Review Summary: Swans return, bigger and more frightening than ever
Thank heavens Swans decided to break up (or call it quits for fourteen years, at least) after
Soundtracks for the Blind, because can you even imagine if they tried to continue like that? With that scattershot, whatever-sticks, we-can-basically-do-anything mentality? Swans would just get way too huge; not in popularity, but just in general immenseness. They would eventually release an album that really did everything, and then everything else would just seem minor in comparison. There wouldn't even be need for any other bands, for any other music, if Swans could just do it all. It'd all just be irrelevant, because Swans exist. And they can do everything.
Not that
My Father Will Guide Me Up a Rope to the Sky isn't everything, because it's almost everything. It's certainly quite a piece of work, an album that'll make a bunch of people suddenly relieved that there's another Swans album, in a
we've missed you kind of way. It's just more focused and direct than their more sprawling stuff, accomplishing just as much or maybe more with less material.
To accomplish this, Swans have effectively whittled down their approach, taking all of their distinct styles (their Wikipedia page lists eleven possible genres to name the band as; many more could easily be successfully argued for) and blending them together into something that, for once, sounds like nothing more than a Swans album. By taking influence from mostly themselves -- the first track, for example, mixes the aggressive and distorted sounds of
Filth with the gloomy and prolonged sensibilities of
White Light... -- Swans have finally managed to carve out an identity.
This approach alone justifies Swans' reunion and this resulting album: by revisiting their own discography and effectively summing it up, Swans finally get to make an album that defines them as a band, rather than defining an era; it fills a blank void in their repertoire that need to be filled. There's also no denying how generally awesome most of the album is. "No Words/No Thoughts" and "Jim" are some of the most towering, expansive songs you'll hear all year, swelling and building and dropping off abruptly; they're short trips throughout the discography of Swans, and maybe the neurotic mind of Michael Gira. They're undoubtedly engaging.

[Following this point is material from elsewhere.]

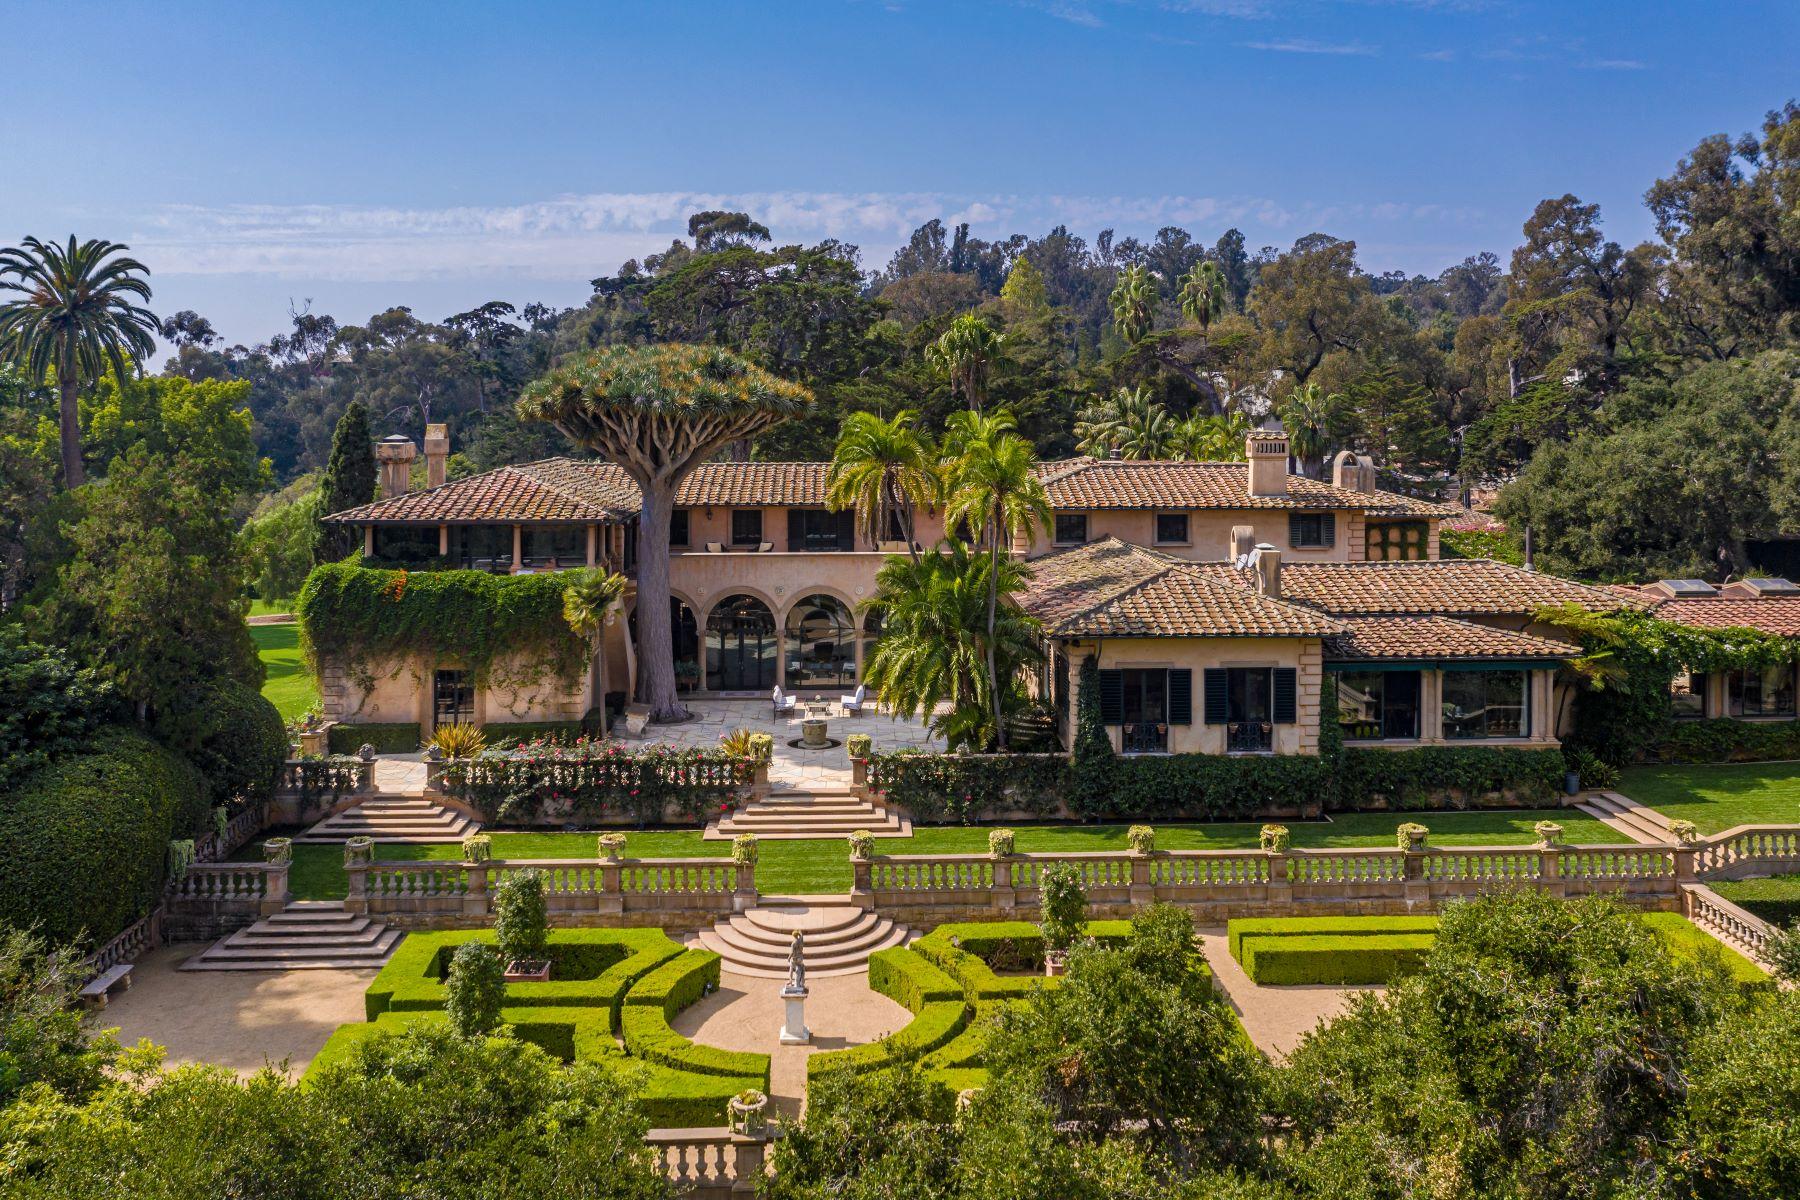 Single Family Homes for Sale at Sotto il Monte 2845 Sycamore Canyon Road Montecito, California 93108 United States

More important than the band's newfound sense of songcraft is Gira's newfound personality. On past Swans albums, Gira's been a sort of faceless figure, acting as vessel for raw emotions like anger and sadness rather than relating anything personal. But Gira simply looms over this one, his bleak bleat stretched to its stentorian limits, towering over even the most distorted and discordant of songs, like the grim "Eden Prison". His powerful vocals resemble sermonizing more than they do singing; his lyrics could be Revelations, for all I know.
"Little Mouth" could be misconstrued as ending
My Father with a whimper, rather than a bang, but really: how
else could an album this brutal, this gargantuan, end? It's not a whimper: it's a reprieve, a chance to breathe, finally. God knows you'll need it.